Sam Ansley

Profile
- Position: Quarterback
- Class: 1981

Personal information
- Height: 6 ft 1 in (1.85 m)
- Weight: 171 lb (78 kg)

Career information
- High school: Cypress-Fairbanks
- College: Texas (1977–1979)

Awards and highlights
- 1977 Southwest Conference Championship;

= Sam Ansley =

American football player

Sam Ansley (born c. 1959) is an American former football player. He started two games as quarterback for the Texas Longhorns in 1977. When the 1977 season started he was the 4th string quarterback, but injuries to all three of the quarterbacks ahead of him led to him starting the two games at the end of the regular season. At the time Texas was undefeated, ranked #1 and playing for the national championship. They won both games.

==College career==

Sam "Sammy" Ansley, had been a unanimous all-district quarterback in high school and had made the All-Greater Houston team in 1976. He was a freshman in 1977 when injuries to three other Texas quarterbacks led to him starting two games for the #1 Texas Longhorns to keep their national championship hopes alive.

=== Injury ===
Injuries to Ted Constanzo in the summer, followed by injuries to Mark McBath and Jon Aune in the Oklahoma game and to Randy McEachern in practice led to Ansley taking over as starter against TCU and the following week against Baylor. Up to that point he had only gotten into 3 games, throwing one pass and running the ball four times.

The other freshman quarterback, Sanford Coggins, had been moved to flanker in the summer meaning that in the TCU game his backups were sophomore defensive back Ricky Churchman, who had played quarterback in high school, and Constanzo who was only partly recovered from his surgery and still being held out for a medical redshirt.
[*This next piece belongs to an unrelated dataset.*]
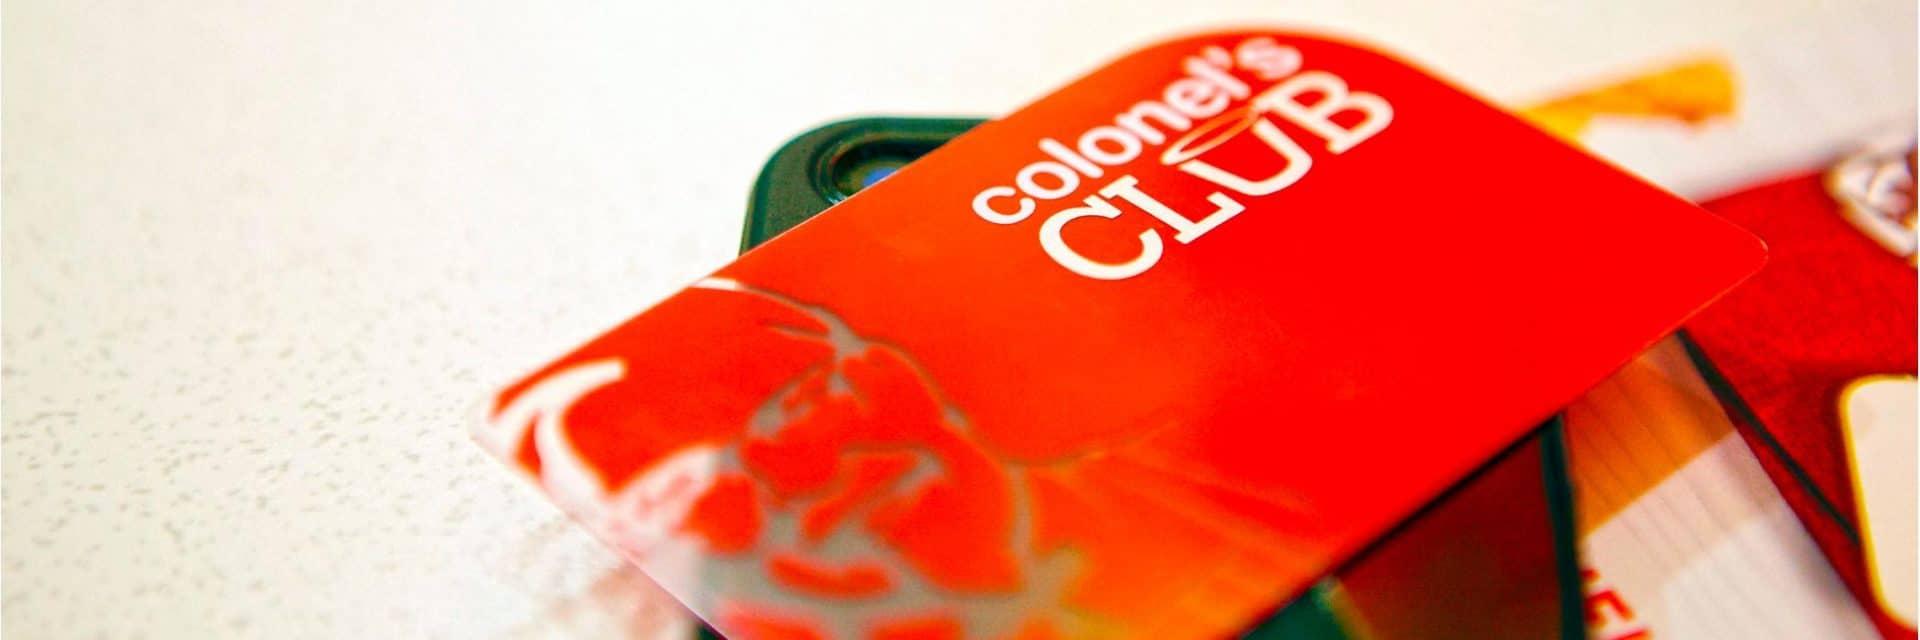 Plastic loyalty cards
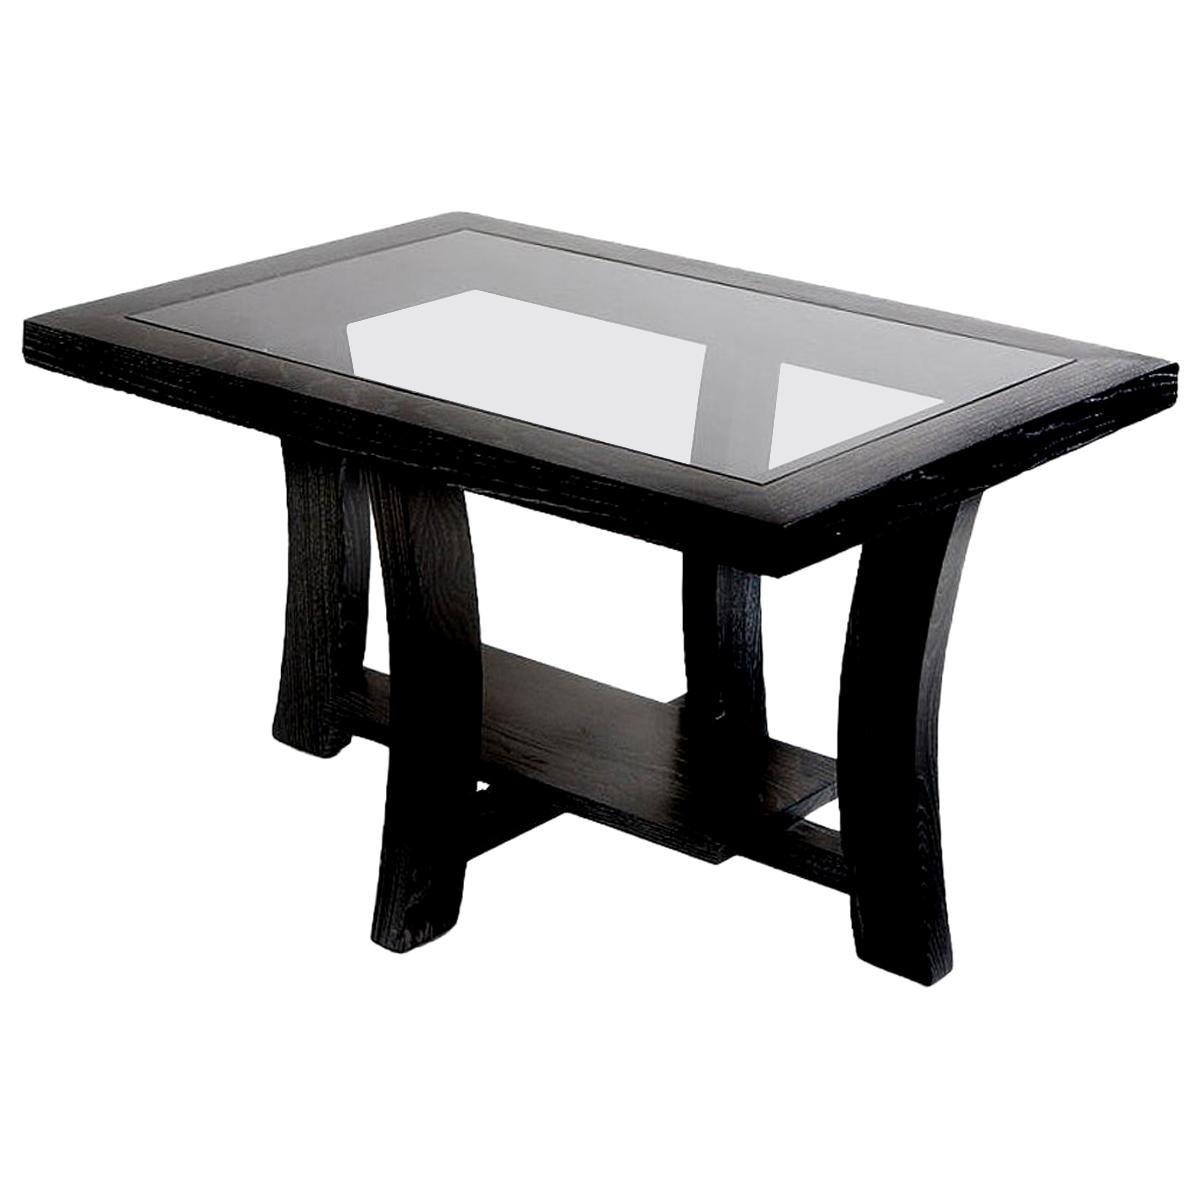 Paul Frankl Black Stepped Side Table for Brown Saltman

Against TCU, Ansley and the Longhorns relied on eventual Heisman Trophy winner Earl Campbell to lead them to a 44-14 win. But Ansley ran for 1 touchdown and threw for two others, putting in an admirable debut. The following week, against Baylor, he led Texas to an early lead, scoring one touchdown, and then alternated series with a recovering McEachern and, in the fourth quarter, Costanzo, who used a whole year of eligibility to fill in as punter.

=== Recovery ===
McEachern recovered and reclaimed the starting position, and Ansley took a few snaps the next week against Texas A&M, but that would be the end of his playing career. After Ansley's 1978 redshirt season, he returned in the spring running second team behind Donnie Little. Ansley separated his shoulder in a spring scrimmage and ultimately had rotator cuff surgery after the 1979 season.

The following spring, a knee injury to McEachern had Ansley leading the Longhorn offense in practice. But McEachern recovered and Ansley was redshirted the next season. He never made the roster again. He finished with a 2-0 record as a starter.

== Later life ==
After graduating from Texas, he went into the oil and gas industry working for Clayton Williams Jr.; Sanchez O'Brien Oil and Gas; Coba Investments, Corp and Energy Marketing Services; and Lonestar Midstream, L.P.